Shoppers search extra natural and sustainable meals choices as they turn out to be extra health-conscious and environmentally conscious. This shift presents a possibility for agriculture ETFs to spend money on firms specializing in natural farming strategies and plant-based options.

Technological developments additionally play an important position in shaping the way forward for agriculture ETFs. Moreover precision farming, genetic engineering and automation have already revolutionized the agriculture business. These developments might additional enhance crop yields, cut back prices and improve effectivity within the sector.

Essential sector, however no slam dunk

Agriculture is without doubt one of the most crucial industries on the planet. However markets do not at all times make sense, and simply because an business is important for the species’ survival does not make it a wonderful funding.

Agricultural ETFs are sometimes a mixture of equities and commodities, that means buyers should perceive two asset courses to navigate this sector efficiently. Not solely are these funds not like most different sector ETFs, however they need to even be costly and illiquid, particularly because the funds’ themes get narrower. 

All the time carry out due diligence on these securities and perceive how futures contracts work earlier than investing in ag ETFs. To simplify your analysis, use the MarketBeat ETF screener to seek for funds by market cap, expense charge or holdings.


Nonetheless questioning what are one of the best agricultural ETFs? Listed below are a number of generally requested questions on agriculture shares and the way they match into the broader market:

What’s the largest agricultural ETF?

The most important agricultural ETF is the Invesco DB Agriculture ETF with over $900 million in property beneath administration. 

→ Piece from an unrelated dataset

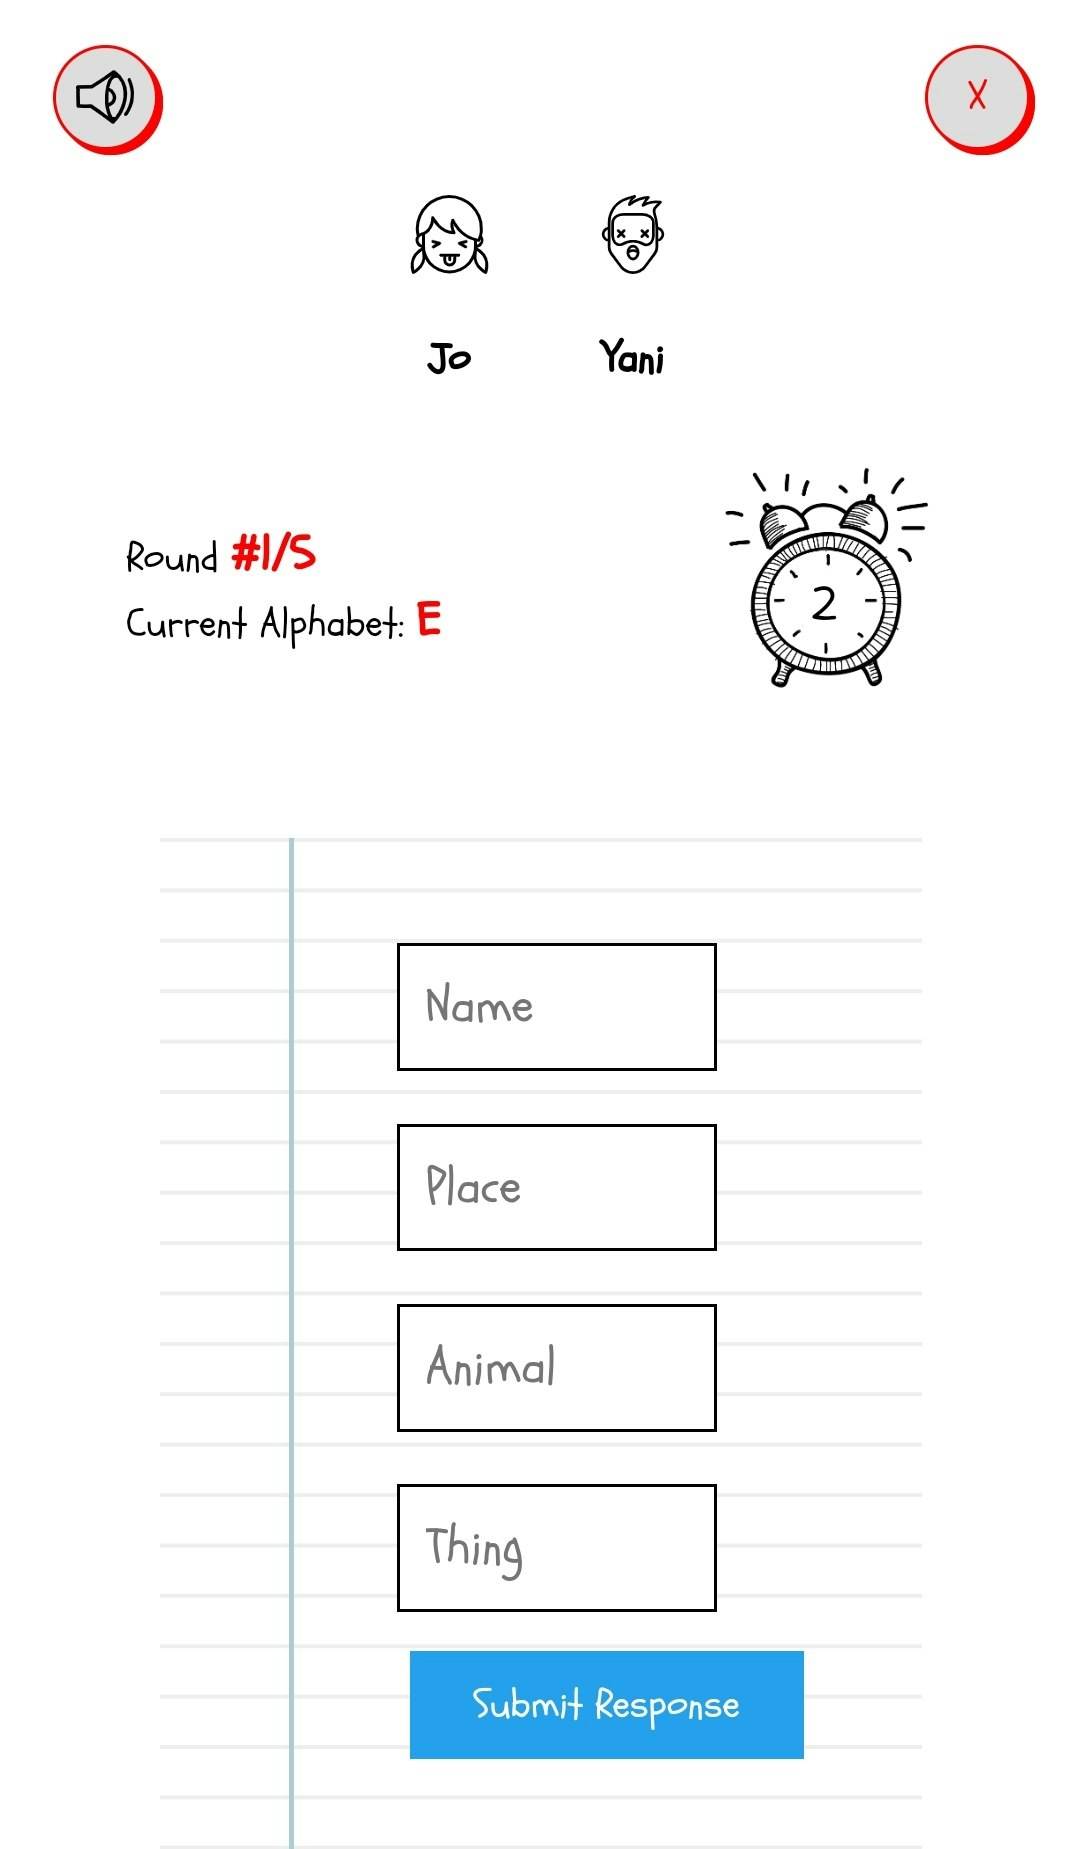 Name, Place, Animal, Thing! - We used to play this word/memory game back in  middle school!

What are one of the best ETFs to spend money on farmland?

Whereas there’s no particular farmland ETF per se, a number of ETFs spend money on farmland shares, such because the DB Agriculture ETF and the VanEck Agribusiness ETF.

What’s the finest agricultural inventory to spend money on?

Relating to agricultural shares, “finest” is a really subjective time period. Some buyers will desire meals producers and farms, others might desire firms that make farm tools and pesticides. Or you might eschew equities altogether and give attention to farming commodities like wheat, soybeans, livestock or grains.